Lifetimes in Function Calls

In addition to borrowing its arguments, a function can return a borrowed value:

#[derive(Debug)]
struct Point(i32, i32);
fn left_most<'a>(p1: &'a Point, p2: &'a Point) -> &'a Point {
    if p1.0 < p2.0 { p1 } else { p2 }
}
fn main() {
    let p1: Point = Point(10, 10);
    let p2: Point = Point(20, 20);
    let p3: &Point = left_most(&p1, &p2);
    println!("left-most point: {:?}", p3);
}

• 'a is a generic parameter, it is inferred by the compiler.
• Lifetimes start with ' and 'a is a typical default name.
• Read &'a Point as “a borrowed Point which is valid for at least the lifetime a”.
  • The at least part is important when parameters are in different scopes.

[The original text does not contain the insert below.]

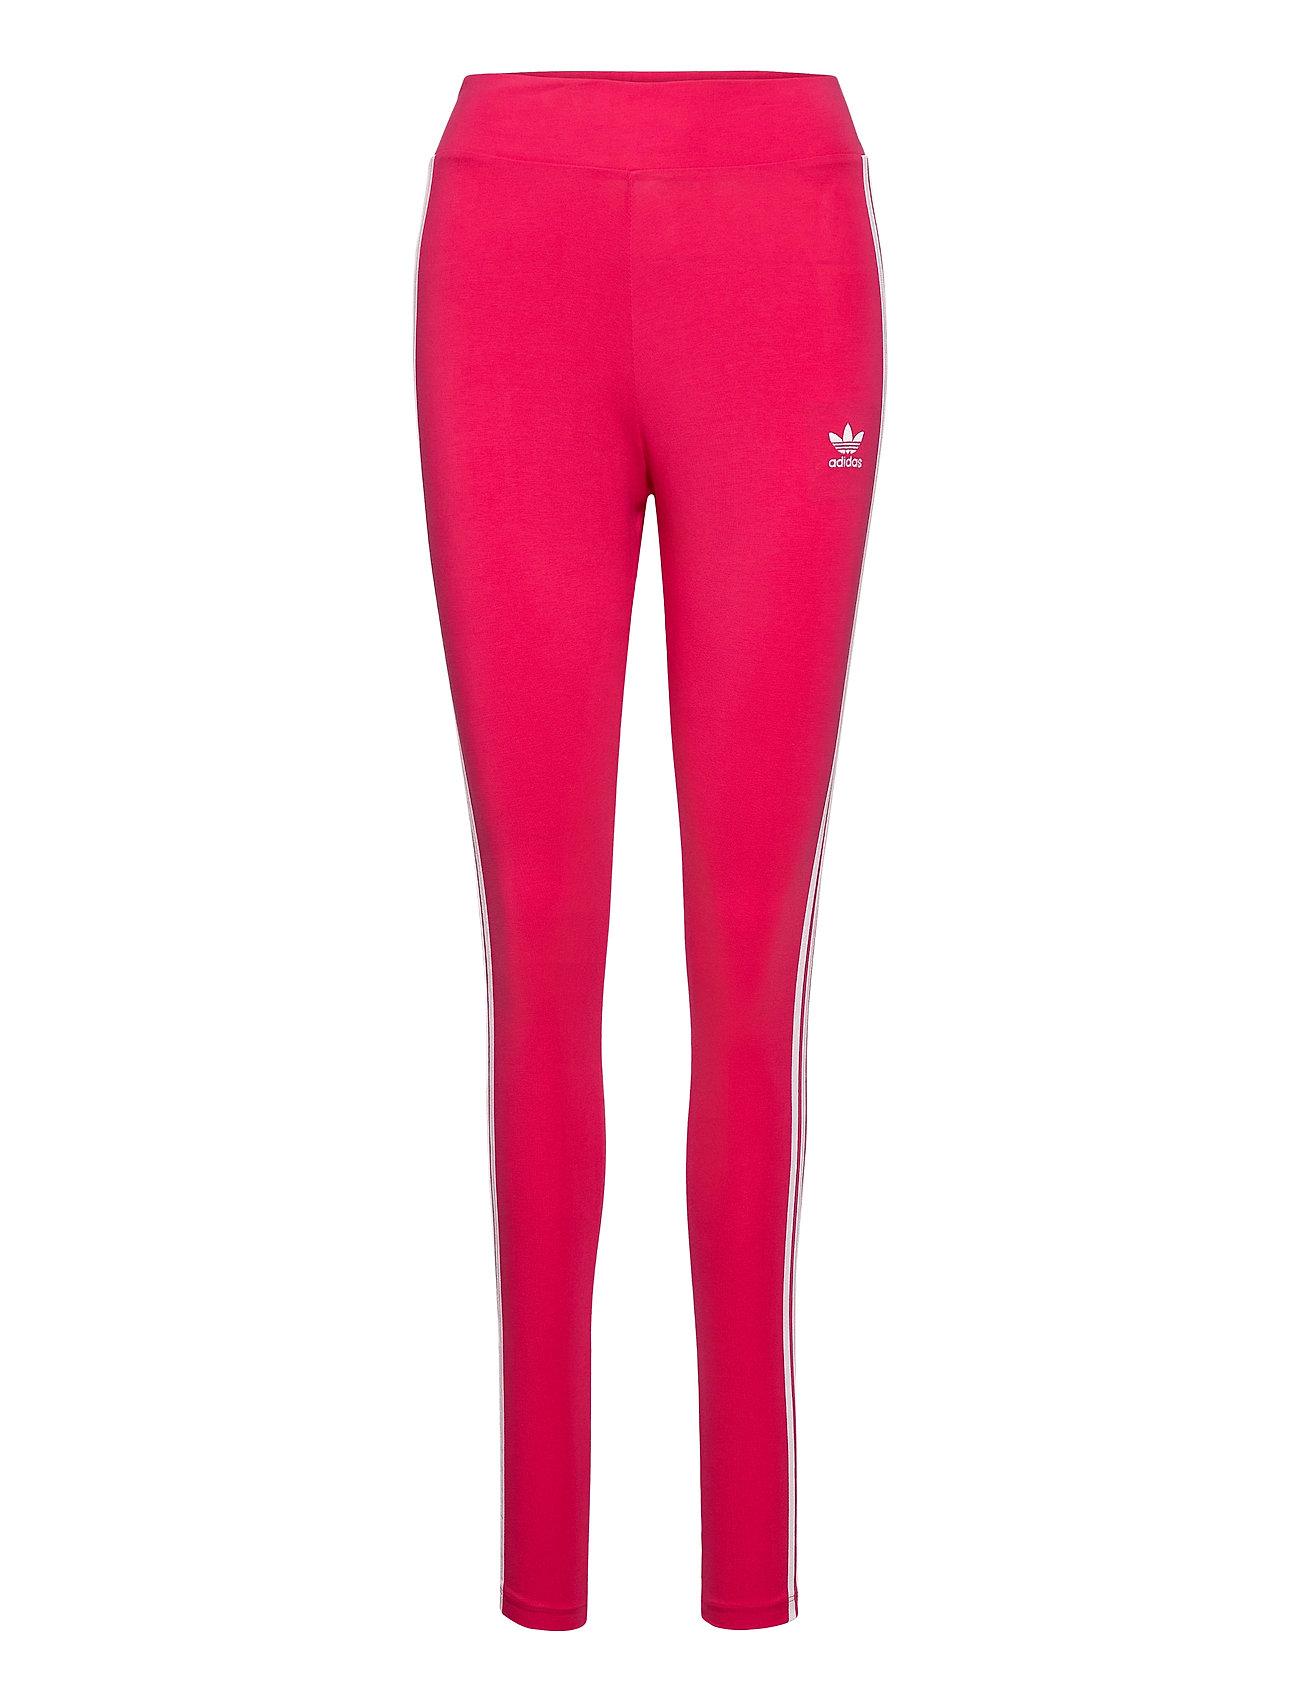 Image of 3 Str Tight Running/training Tights Rød Adidas Originals (3445308155)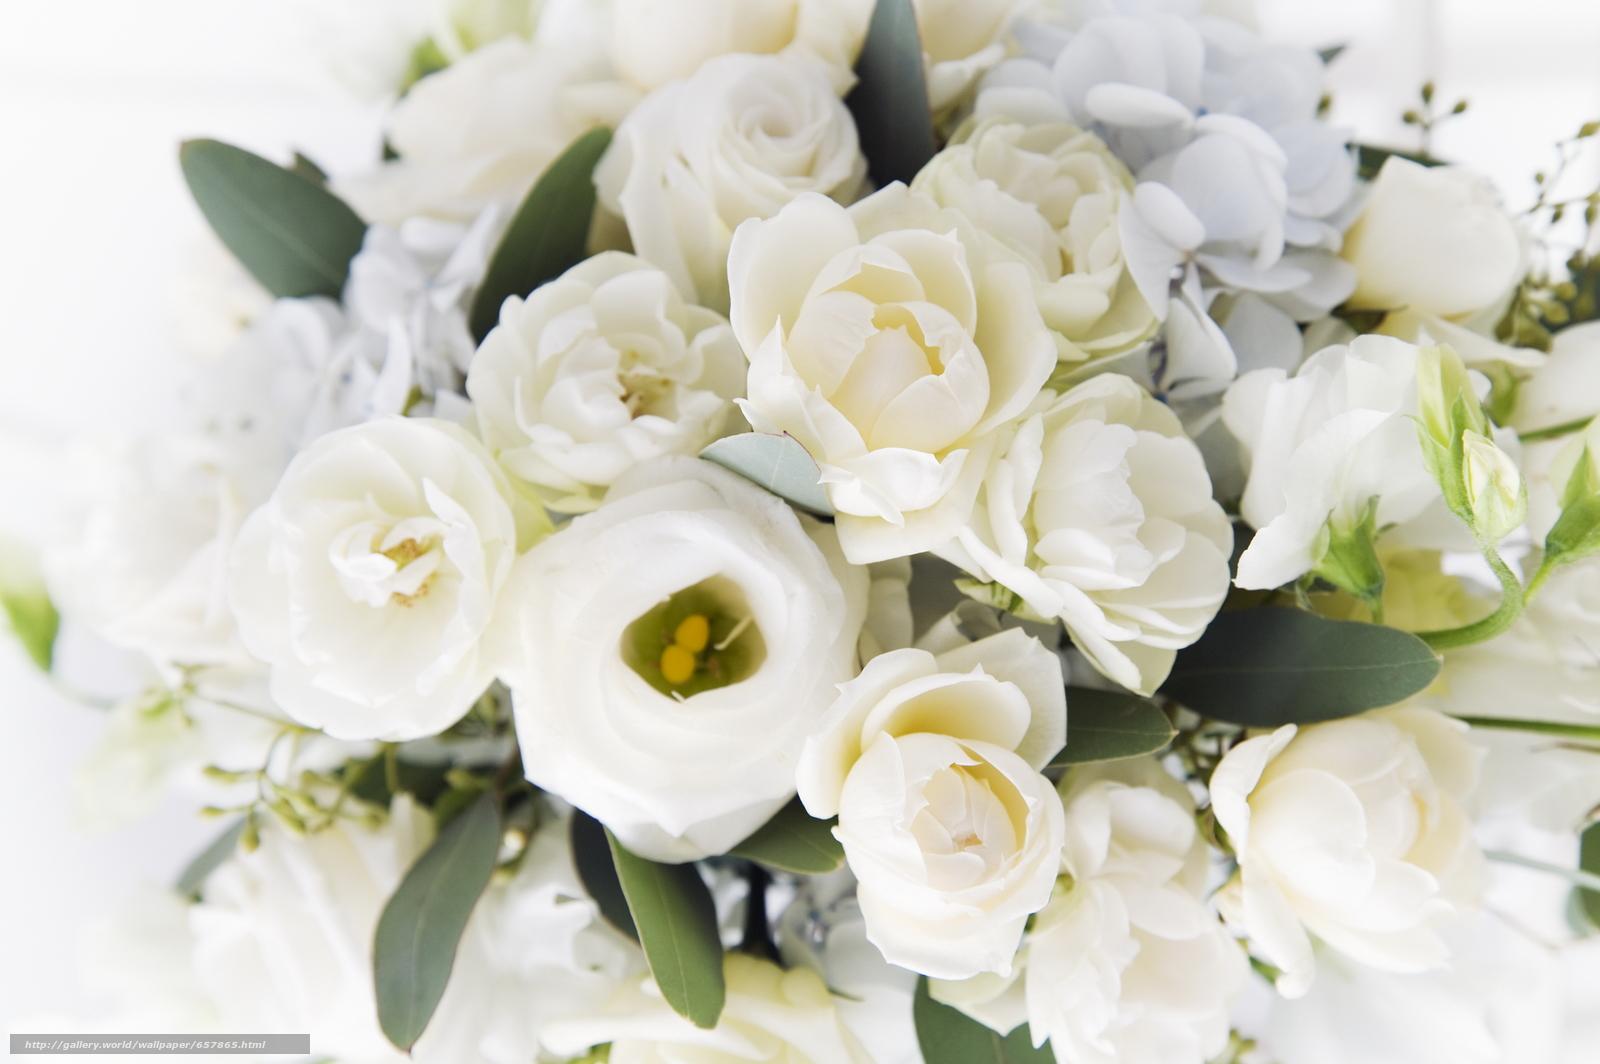 Скачать обои цветы,  цветок,  роза,  розы бесплатно для рабочего стола в разрешении 2950x1961 — картинка №657865

In the above example, try the following:

• Move the declaration of p2 and p3 into a a new scope ({ ... }), resulting in the following code:

  #[derive(Debug)] struct Point(i32, i32); fn left_most<'a>(p1: &'a Point, p2: &'a Point) -> &'a Point { if p1.0 < p2.0 { p1 } else { p2 } } fn main() { let p1: Point = Point(10, 10); let p3: &Point; { let p2: Point = Point(20, 20); p3 = left_most(&p1, &p2); } println!("left-most point: {:?}", p3); }

  Note how this does not compile since p3 outlives p2.

• Reset the workspace and change the function signature to fn left_most<'a, 'b>(p1: &'a Point, p2: &'a Point) -> &'b Point. This will not compile because the relationship between the lifetimes 'a and 'b is unclear.

• Another way to explain it:

  • Two references to two values are borrowed by a function and the function returns another reference.
  • It must have come from one of those two inputs (or from a global variable).
  • Which one is it? The compiler needs to to know, so at the call site the returned reference is not used for longer than a variable from where the reference came from.